La start-up MoodMe, fondée en 2015, développe et commercialise ainsi des composants softwares destinés à la détection d’émotions et à l’identification faciale. « Notre technologie se fonde sur plusieurs réseaux de neurones. Sur base de photos ou de vidéo, l’outil est capable de déterminer le sexe, l’âge et les émotions exprimées par la personne représentée. Ainsi que l’intensité de ces émotions, sur une échelle de 1 à 100 », indique Chandra Dekeyser, co-fondateur et CEO de MoodMe.

Le virtuel en scène

Une autre façon pour qu’une IA apprenne les émotions humaines consiste à lui fournir « des enregistrements audios de personnes parlant avec émotion. Ou encore des textes où l’auteur fait part d’un ressenti, offrant la possibilité au réseau d’apprendre que tel ou tel mot est employé de manière neutre, péjorative ou bien positive » déclare le Pr. Louppe.

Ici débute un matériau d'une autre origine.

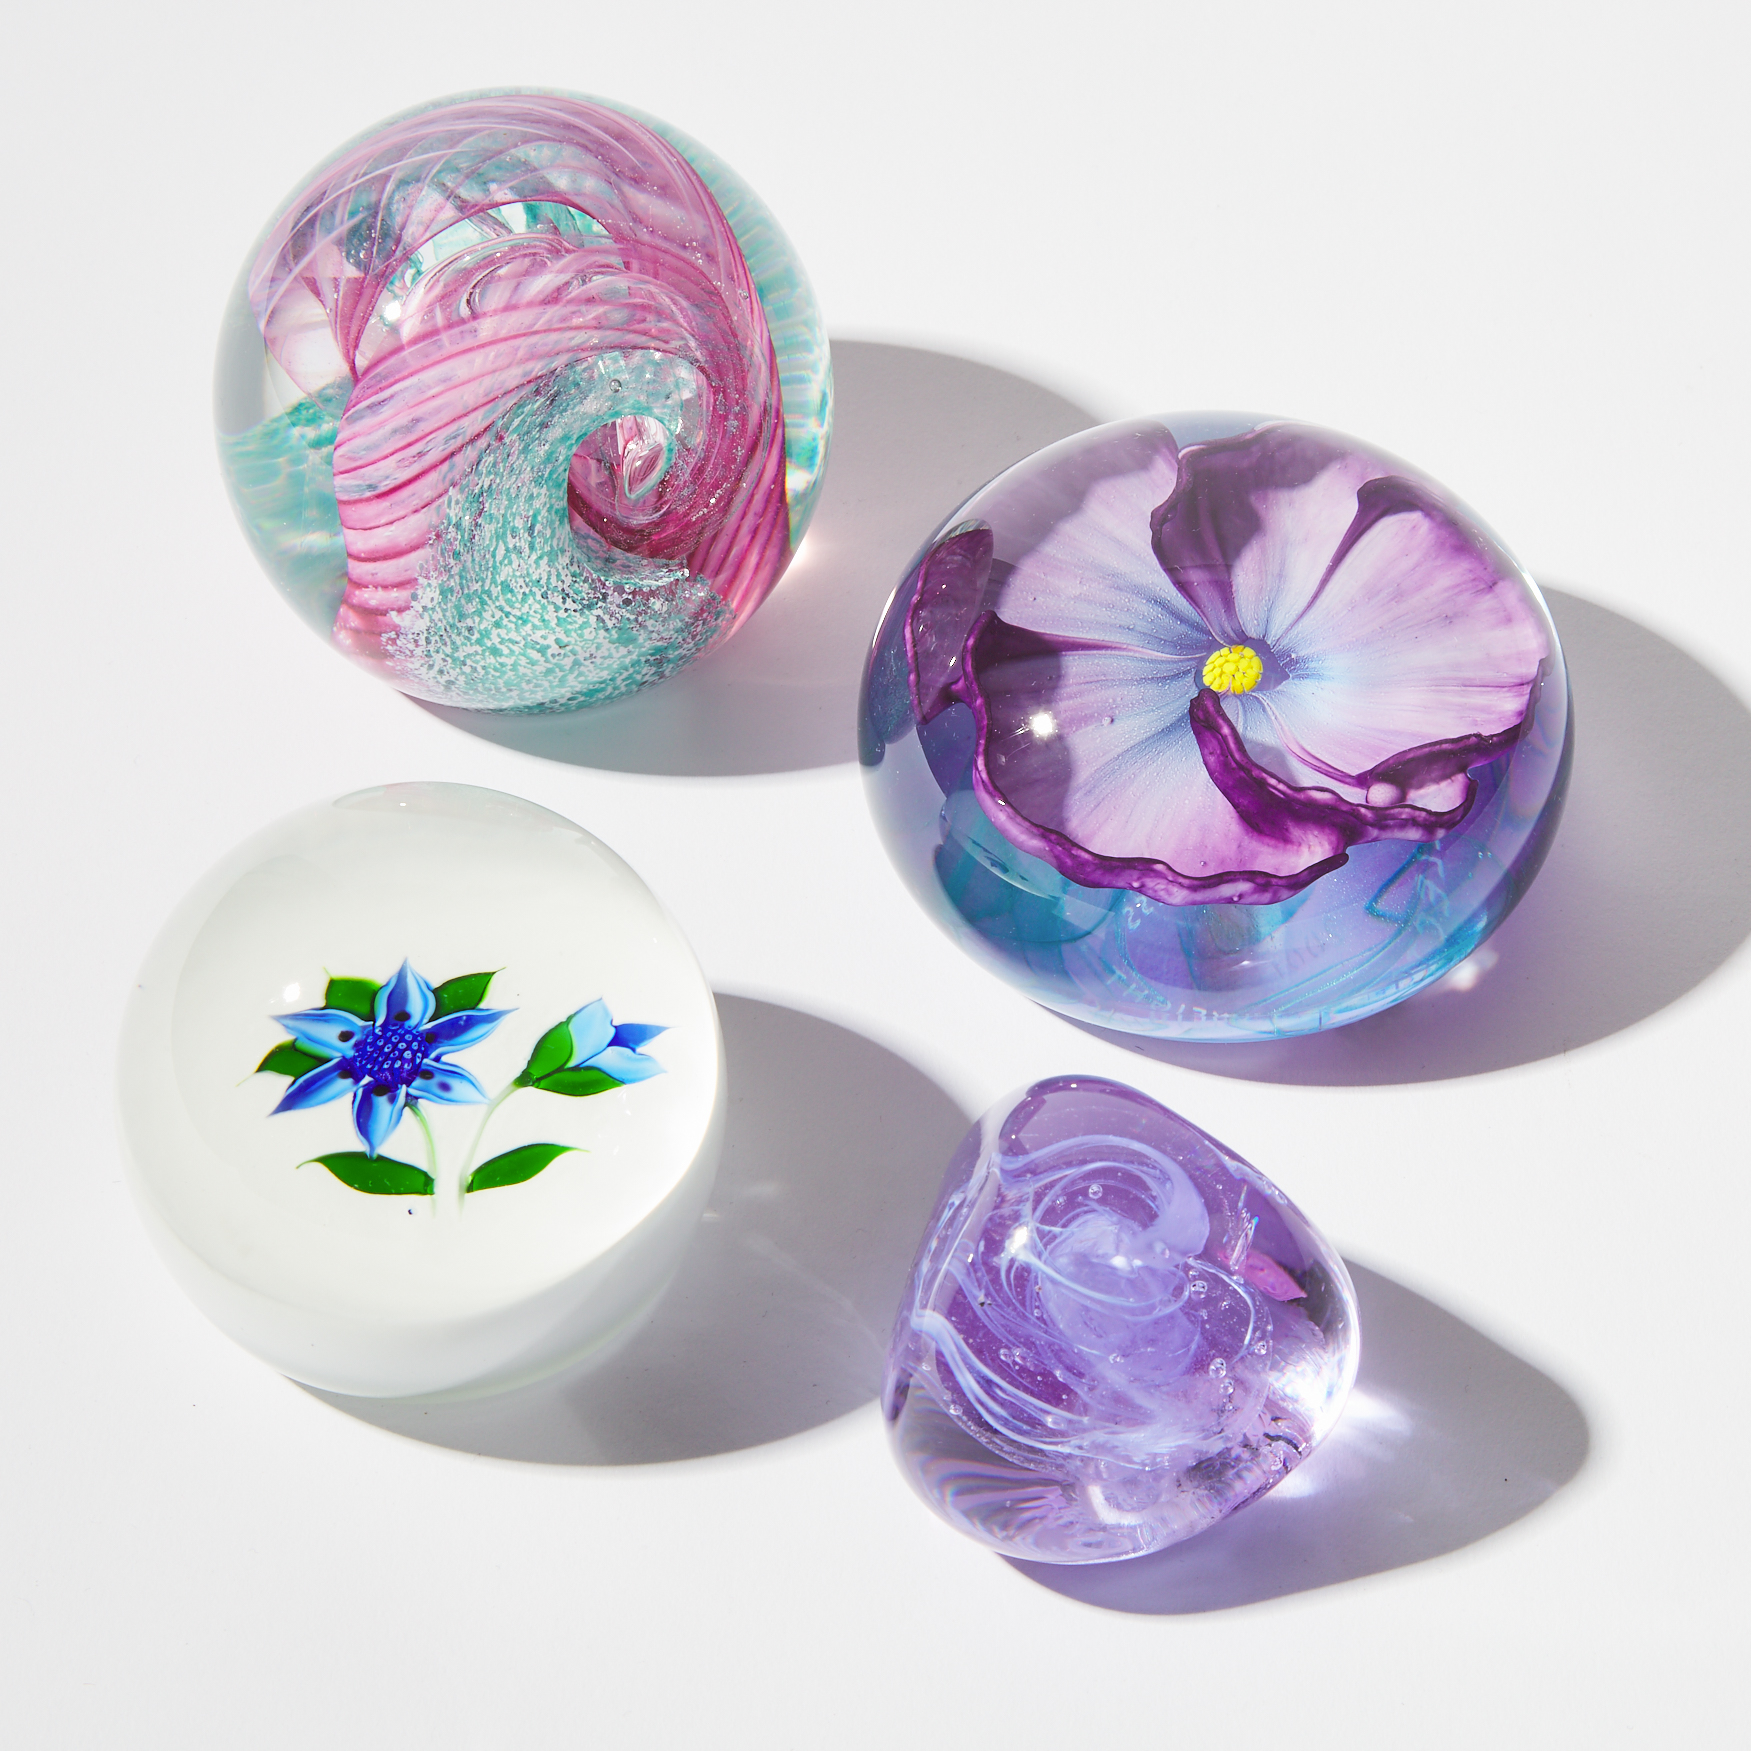 Four Caithness Glass Paperweights, c.1990-2000

Dans les arts de la scène, ces technologies pourraient servir d’outil aux acteurs pour améliorer leur jeu. « Des IA en mesure d’identifier des émotions pourraient être utilisées pour analyser le jeu de l’acteur, le texte. Et , par là, évaluer la pertinence du ressenti simulé par le comédien », explique Alain Bouffioux, responsable du Projet Impact à l’Interface Entreprises-ULiège.

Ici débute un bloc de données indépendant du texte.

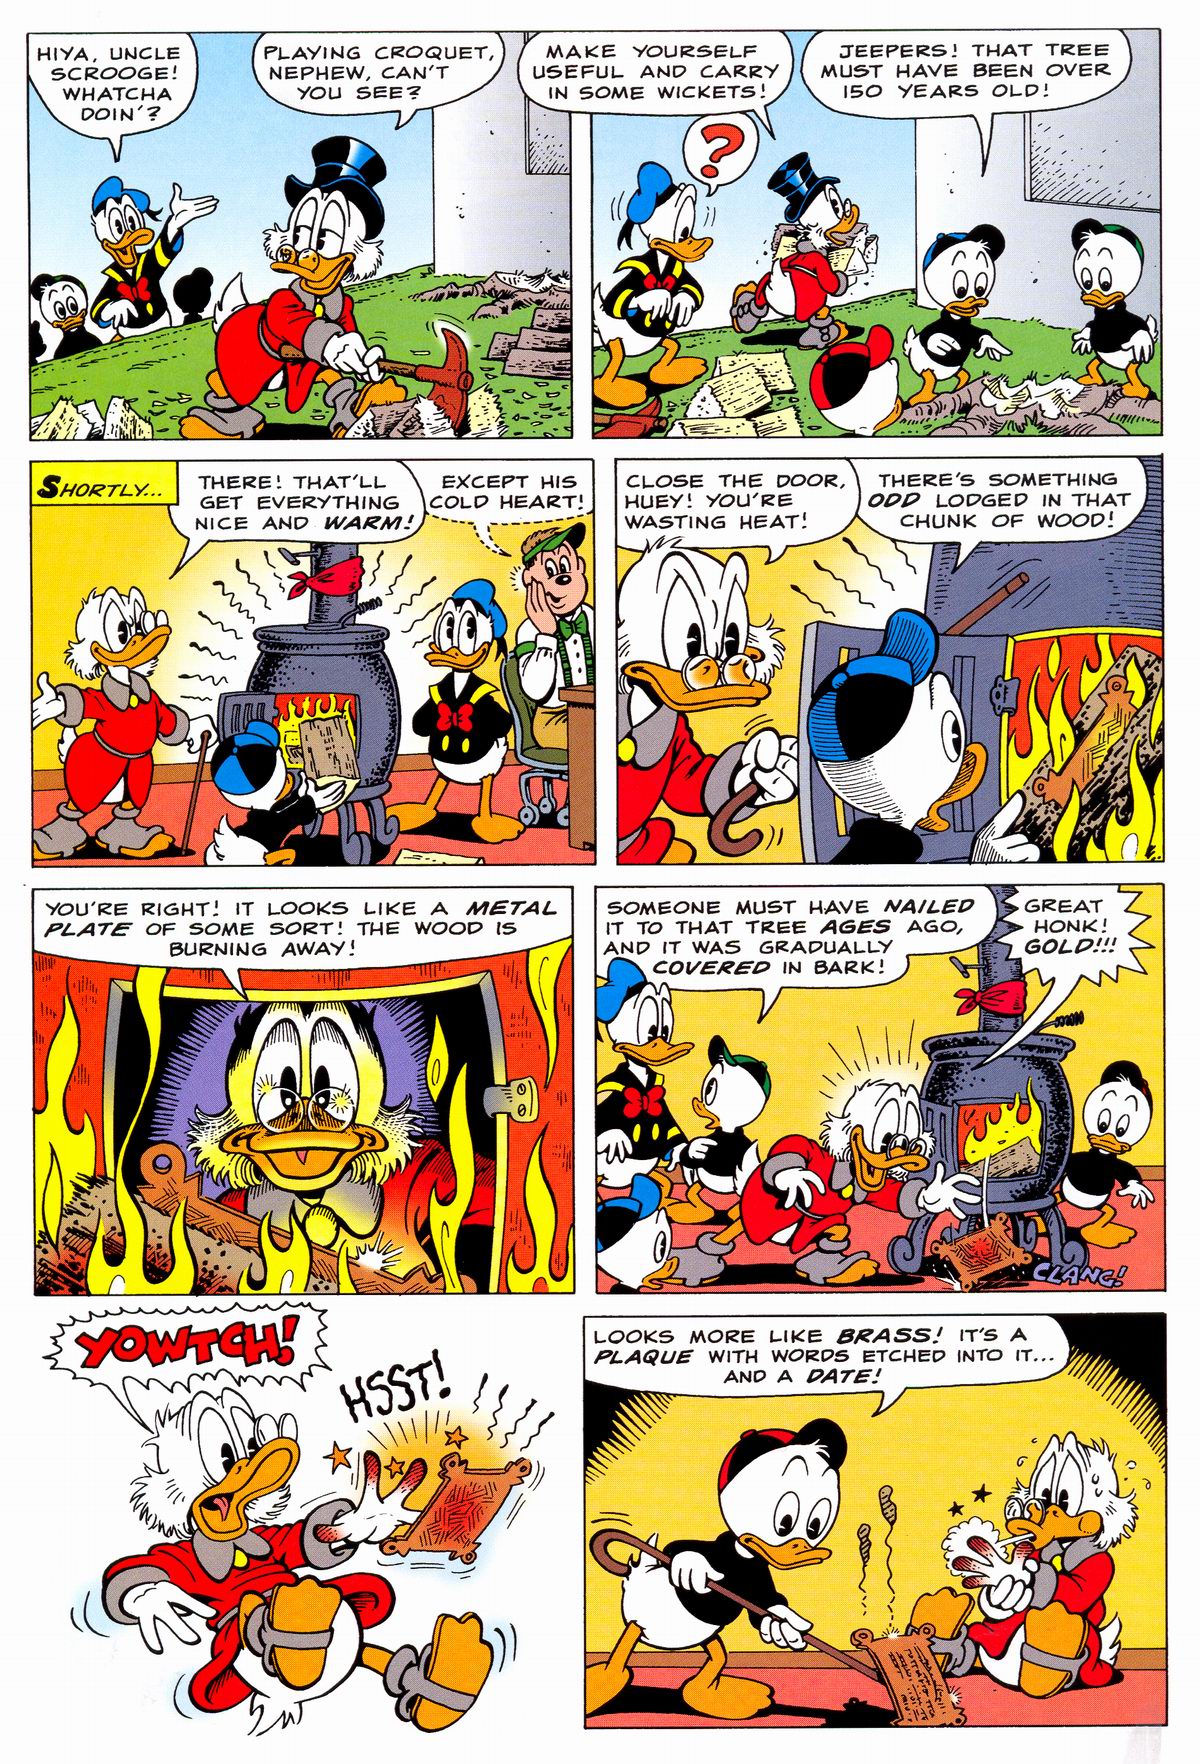 Read online Uncle Scrooge (1953) comic -  Issue #331 - 5

Une autre application envisageable dans les arts serait de donner la réplique à ces IA. Le film japonais « Sayōnara », sorti en 2015, l’a fait en mettant en scène Leona, un androïde.

Ce long-métrage, le premier du genre, s’inspire de la pièce de théâtre du même nom dans laquelle joue la même IA :

Dans ces exemples, un robot humanoïde est employé, mais comme le rappelle le Pr. Louppe, « il est aujourd’hui possible de créer des personnes virtuelles, des avatars, capables d’interagir avec le spectateur et de simuler telles ou telles émotions ».

Au Dali Museum, en Floride (USA), les visiteurs ont l’occasion depuis avril 2019 d’en apprendre davantage sur la vie de l’artiste auprès de la personne qui le connaissait le mieux : Salvador Dali lui-même.

L’expérience « Dali Lives » ressuscite en effet virtuellement le peintre, avec qui le visiteur peut interagir via une série d’écrans du musée. En plus de 1000 heures d’apprentissage basé sur des collections d’interviews, de photos, de citations et d’images d’archives, l’IA a appris qui était l’artiste et comment il se comportait. Et ce, afin de reproduire une version la plus crédible possible du peintre décédé.